Terminology handling

Today there is this great feature which enables to COPY an unknown word, or to lookup in a phrase table.

It would be even better to have a similar mechanism for a DO_NOT_TRANSLATE list.

Eventhough it not necessarily an inssue in a standard workflow, with BPE it happens very often that some words get BPE tokenized at inference, then translated in a funny way and reassembled in an even funnier way.

Especially for abbreviations, or some specific terminology, it would be great to protect some words (from a list or phrase table) to be copied in target.

It would also be great to have the -phrase_table feature work with multiword phrases on both source and target, so we can fix the translation of multiword terminology entries

1 Like

feature is coming through grid beam search implementation that will be part of 0.9 - stay tuned

2 Likes

I guess that the phrase table with multi-words exist now, right? It seems that I do get some replacements of more than one words now. However this has not yet been documented in the Quick start, right? http://opennmt.net/OpenNMT/translation/unknowns/

Replacing one word with multiple words appears to work in the current implementation when you are displaying the translation. This is because the space character is the token separator.

However, this generates an invalid state where the translator returns a token that actually contains multiple tokens.

Thank you for the answer.

From the 1st part of your answer I see why using phrase table one to multiple words when translating does work (th translate.lua -replace_unk true -model -phrase_table phrase-table.txt ā€¦).
I also plan to test multiple to one/multiple to multiple words.

Btw I noticed that some entries from phrase_table are selected but others not (in which case some words remain as unknowns even if they do exist in the train data and/or in the phrase_table). Does this have to do with the weights calculated in the training?

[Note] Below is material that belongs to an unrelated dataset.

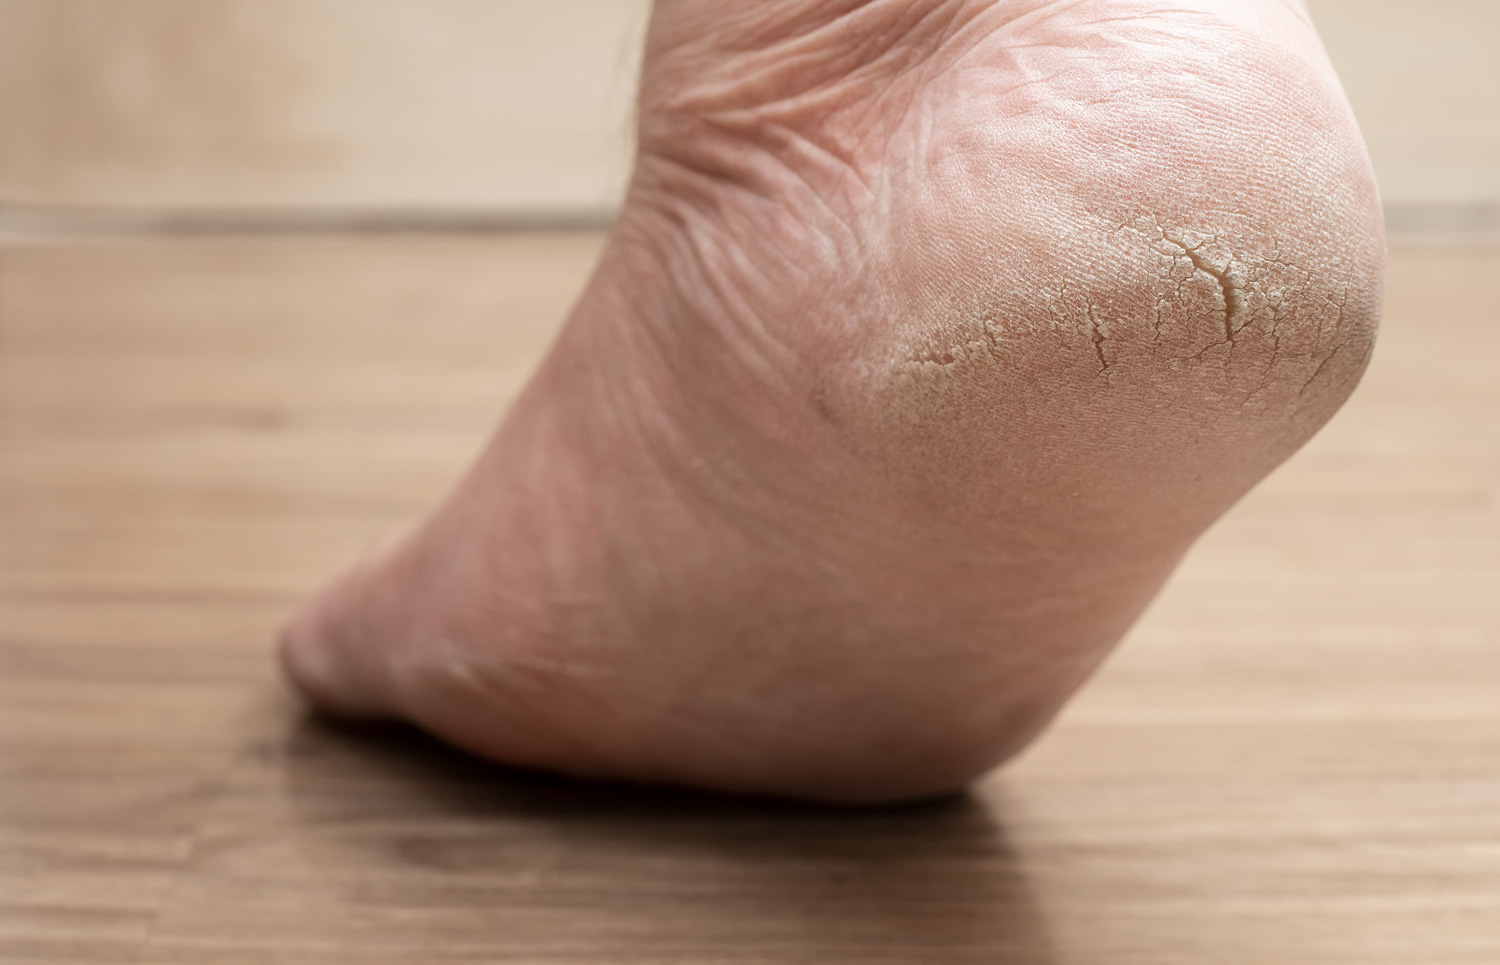 5 Best Cracked Heel Cream | How to Heal Dry Heel Cracks - YouTube

Reg. the 2nd part, do you refer to post-editing?

Thanks

As you are using -replace_unk, there should not be any <unk> token in the output.

No, I just meant that using the phrase table to inject multiple target tokens is unsupported and not meant to work.

1 Like
  1. Yes, perhaps I did not explained it well. What I meant was that I do replace the with source but I still know that they are unknowns (as the source appears instead).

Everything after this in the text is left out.